Horrible Trade-offs in a Pandemic: Poverty, Fiscal Space, Policy, and Welfare (2022, with Ricardo Hausmann), World Development 153:105819
Media: the Conversation, Complexity (SFI Podcast), Harvard Growth Lab, VoxEU, Growth Lab Best of 2020, HKS Newsletter
Abstract
We analyze how poverty and a country’s fiscal space impact policy and welfare in times of a pandemic. We introduce a subsistence level of consumption into a tractable heterogeneous agent framework, and use this framework to characterize optimal joint policies of a lockdown and transfer payments. In our model, a more stringent lockdown helps fighting the pandemic, but it also deepens the recession, which implies that poorer parts of society find it harder to subsist. This reduces their compliance with the lockdown, and may cause deprivation of the very poor, giving rise to an excruciating trade-off between saving lives from the pandemic and from deprivation. Transfer payments help mitigate this trade-off. We show that, ceteris paribus, the optimal lockdown is stricter in richer countries and the aggregate death burden and welfare losses smaller. We then consider a government borrowing constraint and show that limited fiscal space lowers the optimal lockdown and welfare, and increases the aggregate death burden during the pandemic. This is particularly true in societies where a larger fraction of the population is in poverty. We discuss evidence from the literature and provide reduced-form regressions that support the relevance of our main mechanisms. We finally discuss distributional consequences and the political economy of fighting a pandemic.
Macroeconomic Rationales for Public Investments in Science [Working Paper] (2021, with Hans Gersbach and Maik Schneider), Economic Inquiry 59(2):575-599 (lead article)
Abstract
What is the economic rationale for investing in science? Based on an open economy model of creative destruction, we characterize four key factors of optimal investment in basic research: the stage of economic development, the strength of the manufacturing base, the degree of openness, and the share of foreign-owned firms. For each of these factors, we analyze its bearings on optimal basic research investment. We then show that the predicted effects are consistent with patterns observed in the data and discuss how the factor-based approach might inform basic research policies.
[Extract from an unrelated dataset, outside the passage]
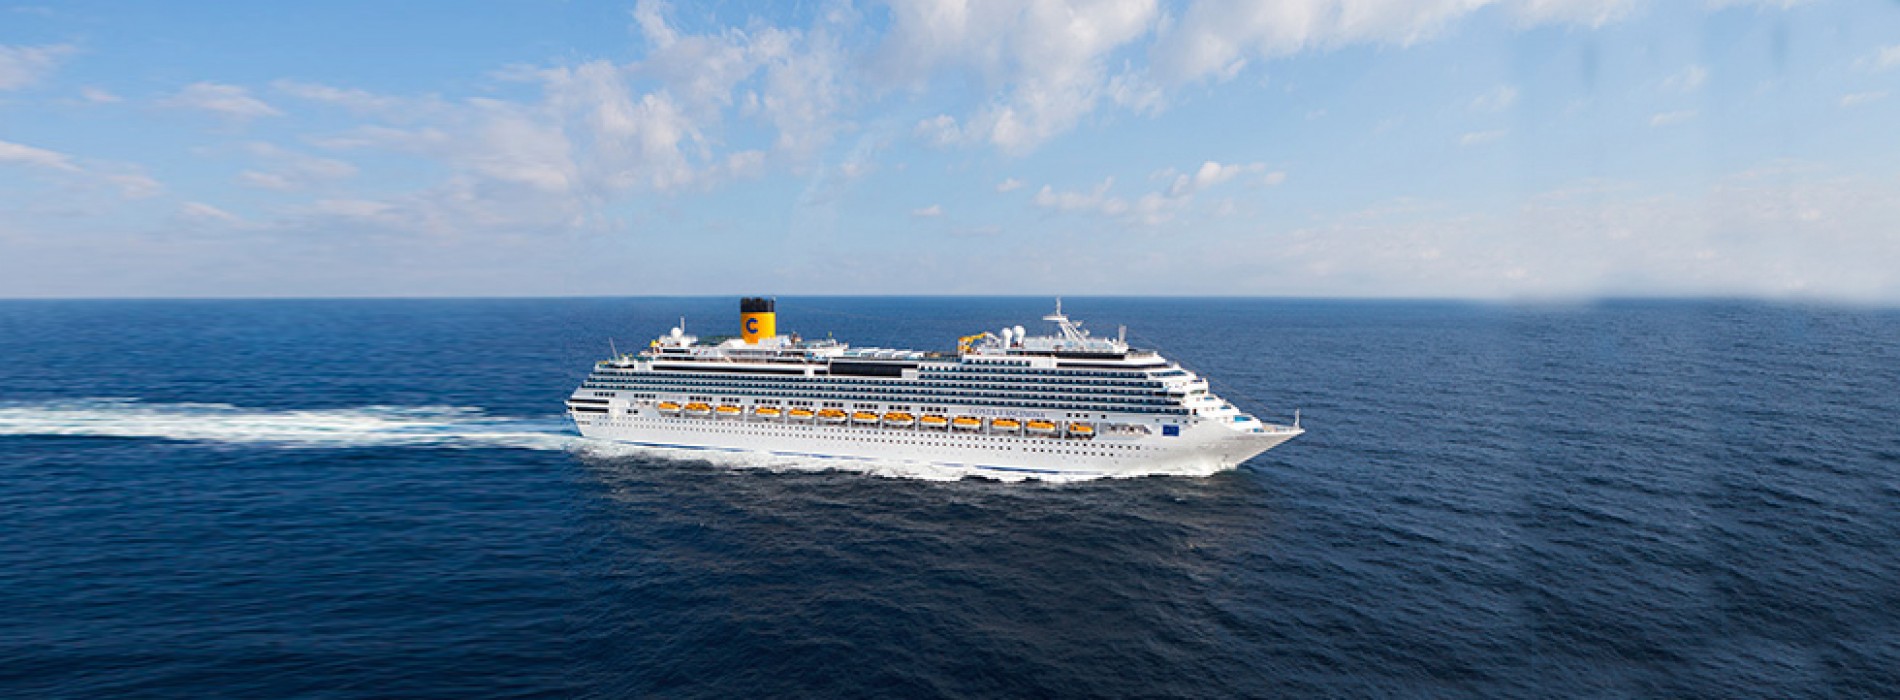 Italy’s Costa Cruises launches first domestic Indian luxury cruise
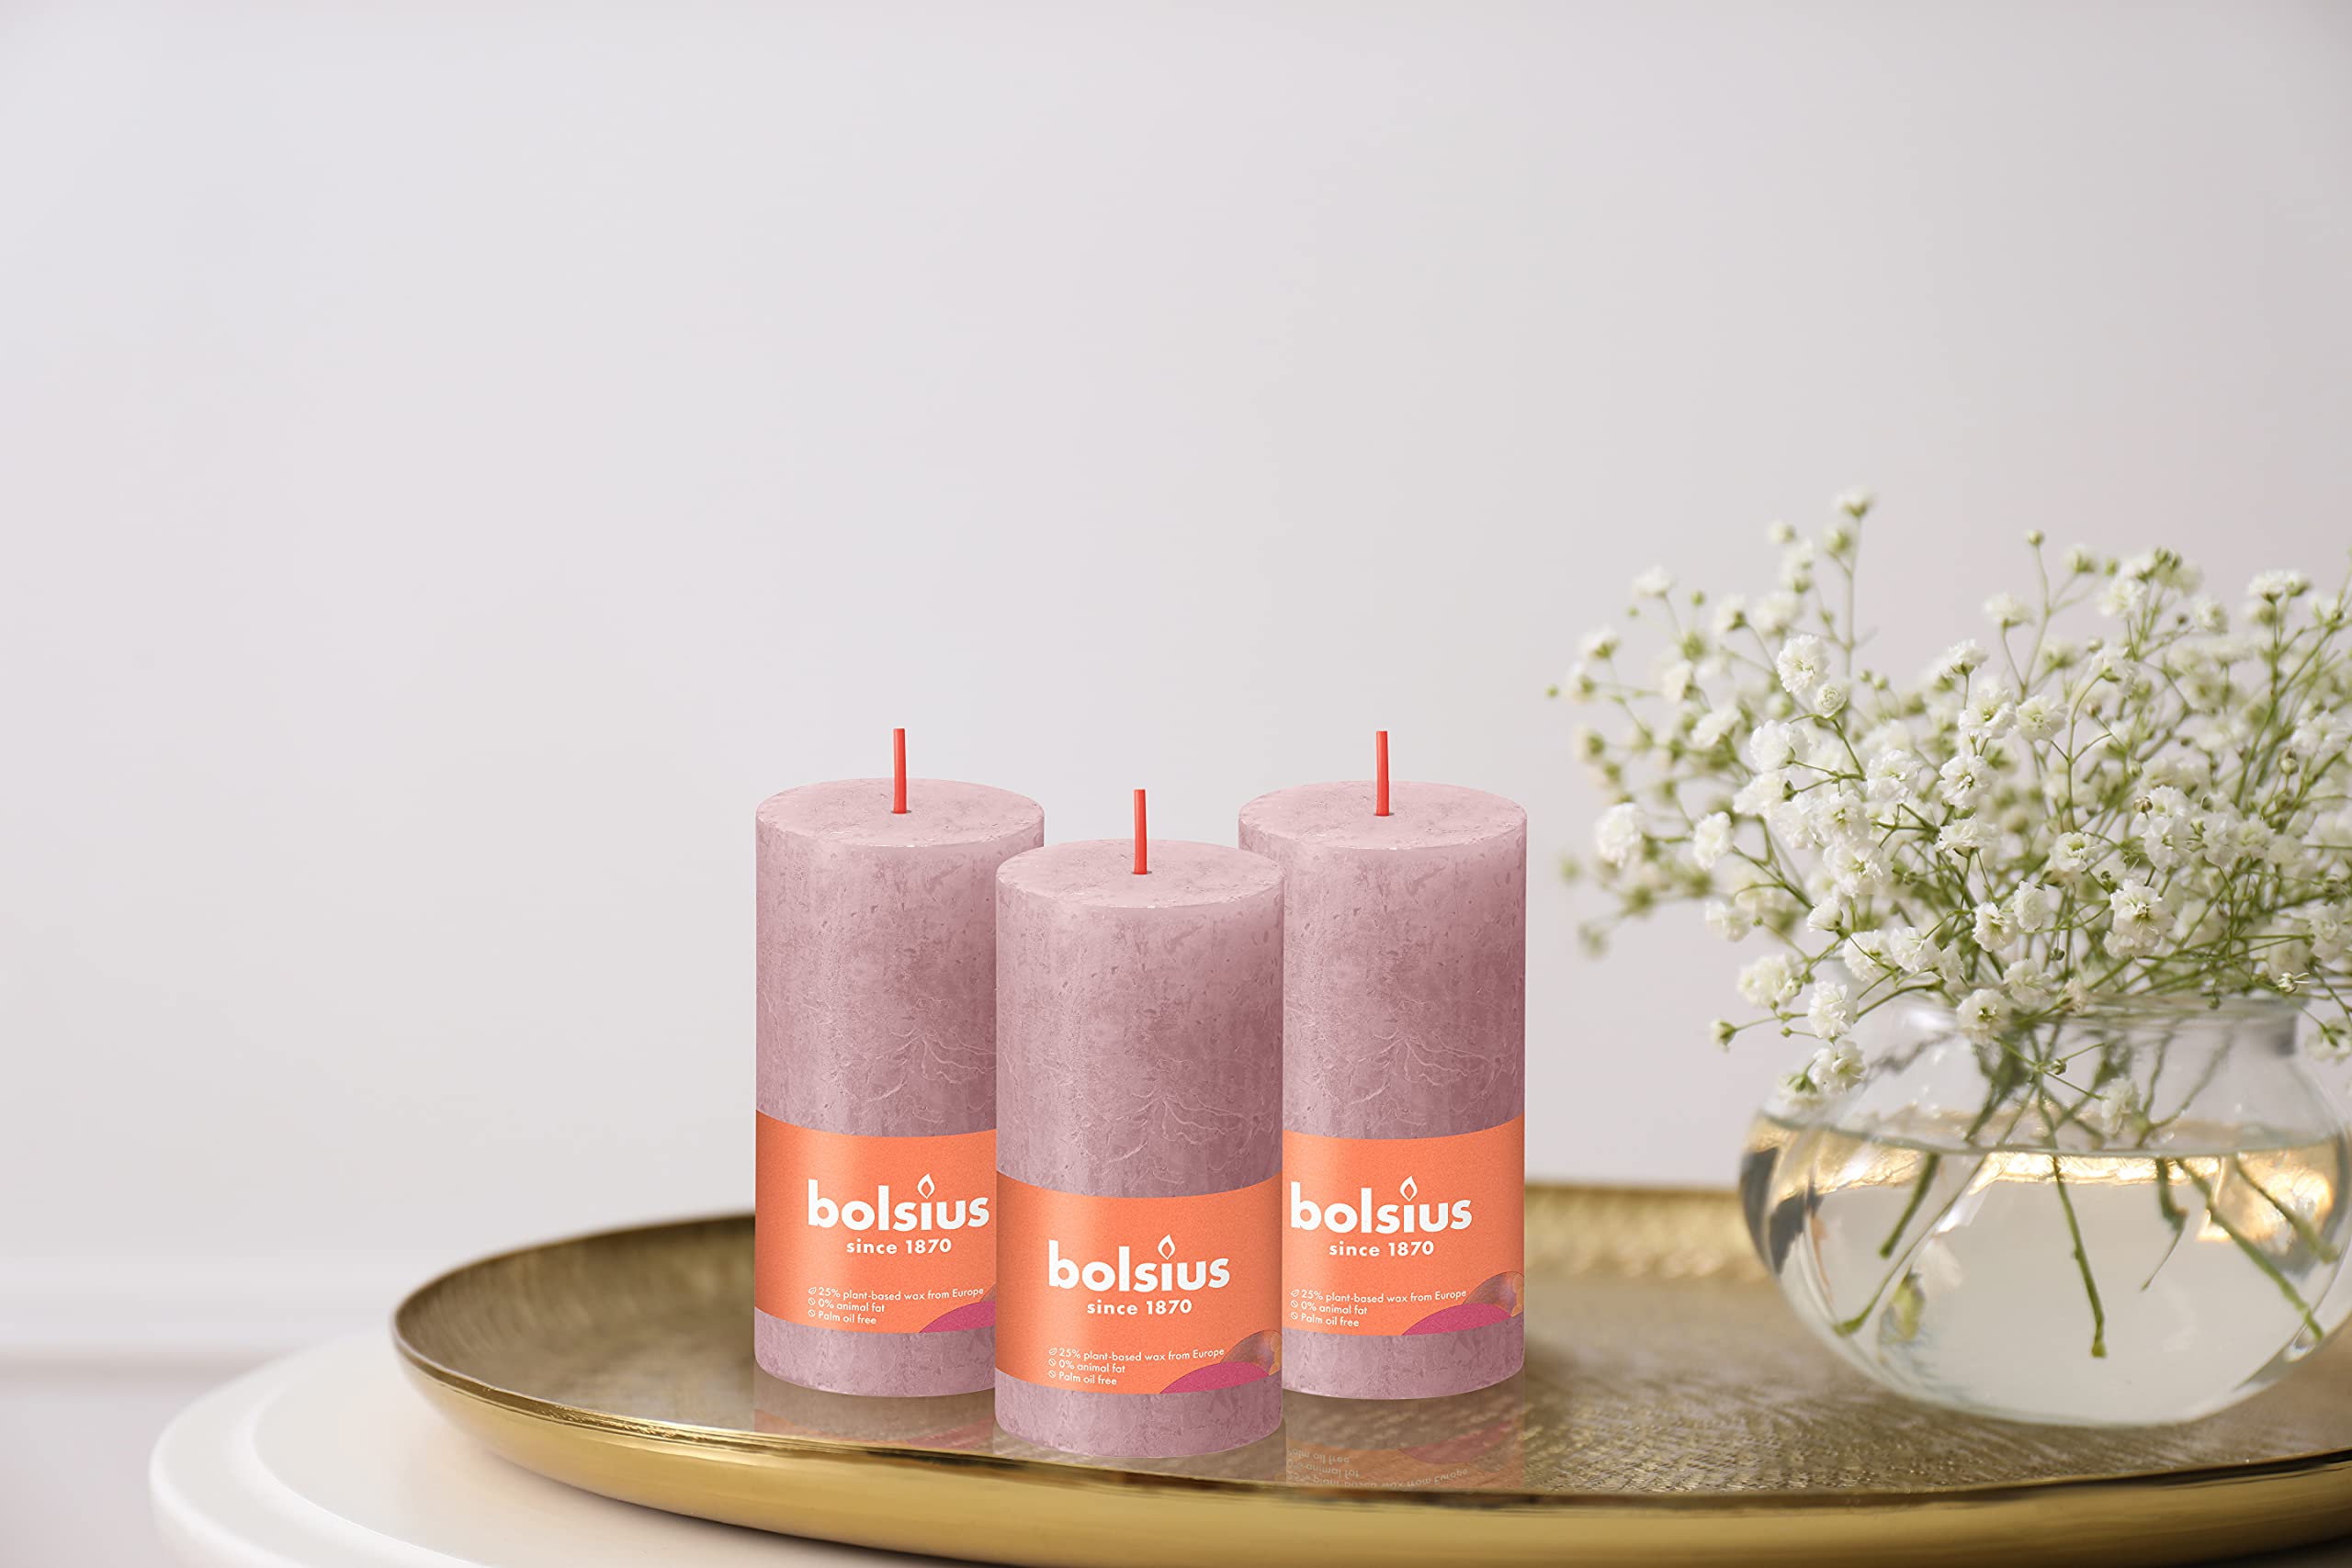 BOLSIUS 4 Pack Ash Rose Rustic Pillar Candles - 2 X 4 Inches - Premium European Quality - Includes Natural Plant-Based Wax - Unscented Dripless Smokeless 30 Hour Party D�cor and Wedding Candles  - Very Good

Taxation, Innovation, and Entrepreneurship [Working Paper] (2019, with Hans Gersbach and Maik Schneider), The Economic Journal 129(620): 1731–1781
Media: Phys.org
Abstract
We explore optimal and politically feasible growth policies consisting of basic research investments and taxation. We show that the impact of basic research on the general economy rationalises a taxation pecking order with high labour taxes and low profit taxes. This scheme induces a significant proportion of agents to become entrepreneurs, thereby rationalising substantial investments in basic research fostering their innovation prospects. These entrepreneurial economies, however, may make a majority of workers worse off, giving rise to a conflict between efficiency and equality. We discuss ways of mitigating this conflict, and thus strengthening political support for growth policies.